Banks manages to create a space opera without having much space travel in this grim tale. It's the sort of thing that my brain says shouldn't work and yet it very obviously does. The story weaves action and adventure together with dark personal history and familial politics to create a lush web.
Sharrow, our main character on this strange ride, is fleshed out in painstaking detail through the novel. Her past informs her present and Banks delivers bits and pieces of her history carefully, doling them out like rewards. At times the information is a little too perfectly placed: finding out something crucial JUST BEFORE it becomes important and that can telegraph a punch, but for the most part Banks balances the entire affair well.
Sharrow's partners are also well drawn, giving Banks a deep well of character to pull from both for history building moments and current interactions. Together he delivers a team that finds itself hunting artifacts so that Sharrow herself can survive.
Sometimes it is that simple. It's the sort of deceptively simple plot that a good writer can work wonders with, because they aren't weighed down by the constant machinations of needing to twist and turn, so they can create and fill-in the world they play with. It's what Banks manages to do here.

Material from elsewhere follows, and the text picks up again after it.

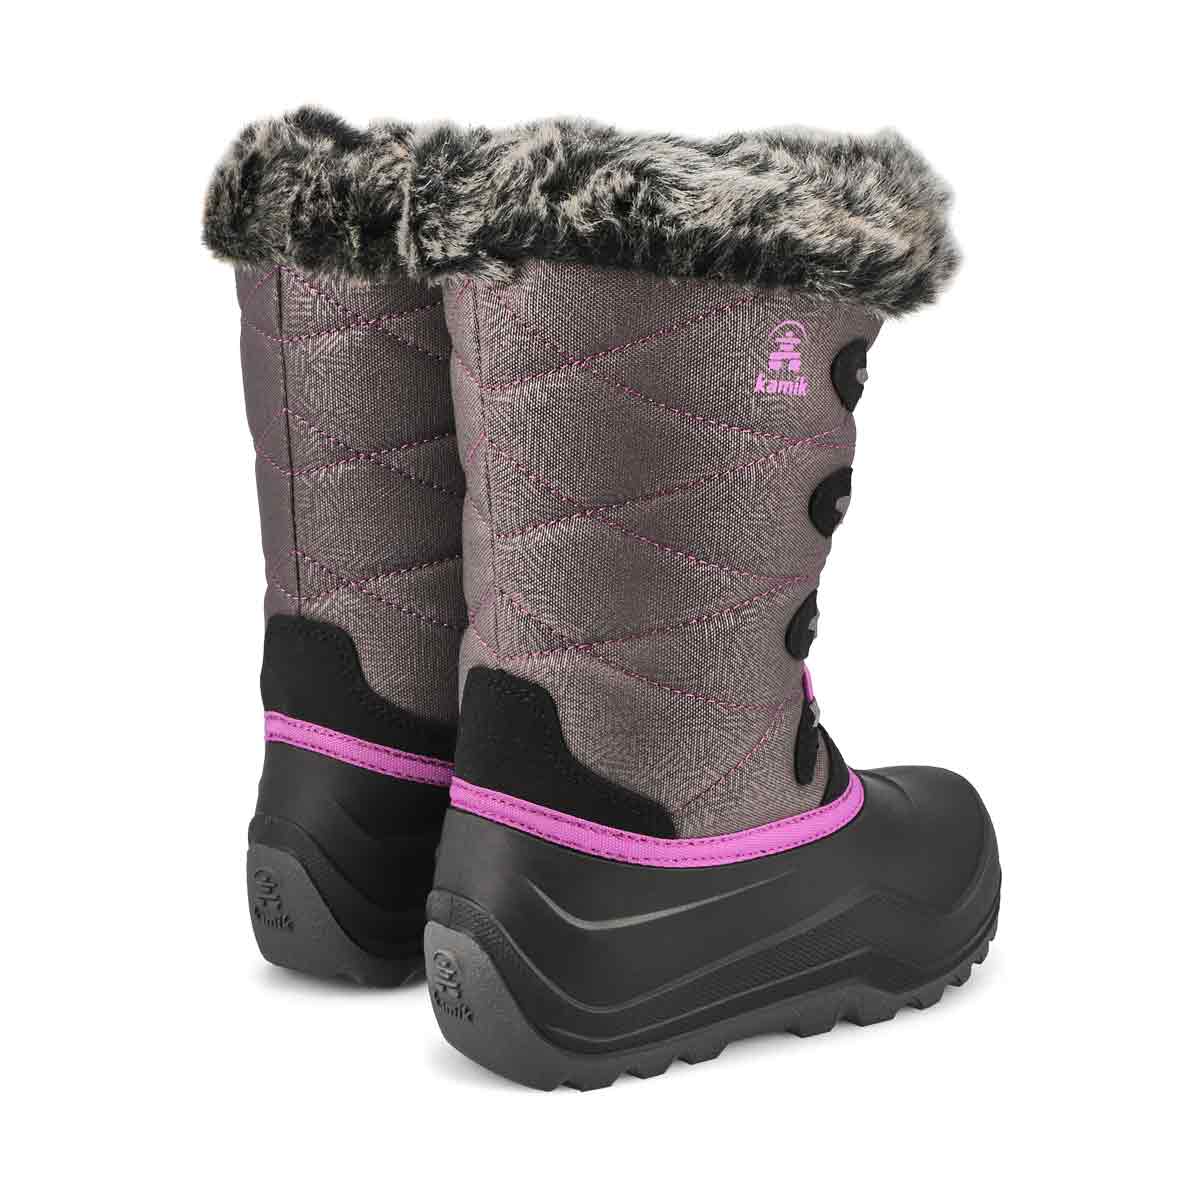 Girls' Snowgypsy 4 Waterproof Winter Boot

Because really that's all the plot is: Sharrow and her team need to find an artifact before a religious group kills her. Clean and simple and, thankfully, it turns out to be anything but clean and simple in execution. The complexity all arrives from what feel like natural happenstance, and that saves this novel as things progress. Because sometimes, let's face it, everyone runs into the D&D plot syndrome. Everyone meets in a bar and has to go complete a mission and... yeah. Banks avoids it all with a deft flair.
His sense of humor also lets the reader breathe, which is crucial in this one, as the story itself is dark. The title is more than a nice phrase it is something of a warning. A very dark background indeed.
Still, the book is far from perfect. At times the world building can feel oppressive as Banks has a lot of information to impart here. Also, frankly, Sharrow and company, oddly enough, can feel almost too close to one another despite how well drawn they are. It's frustrating.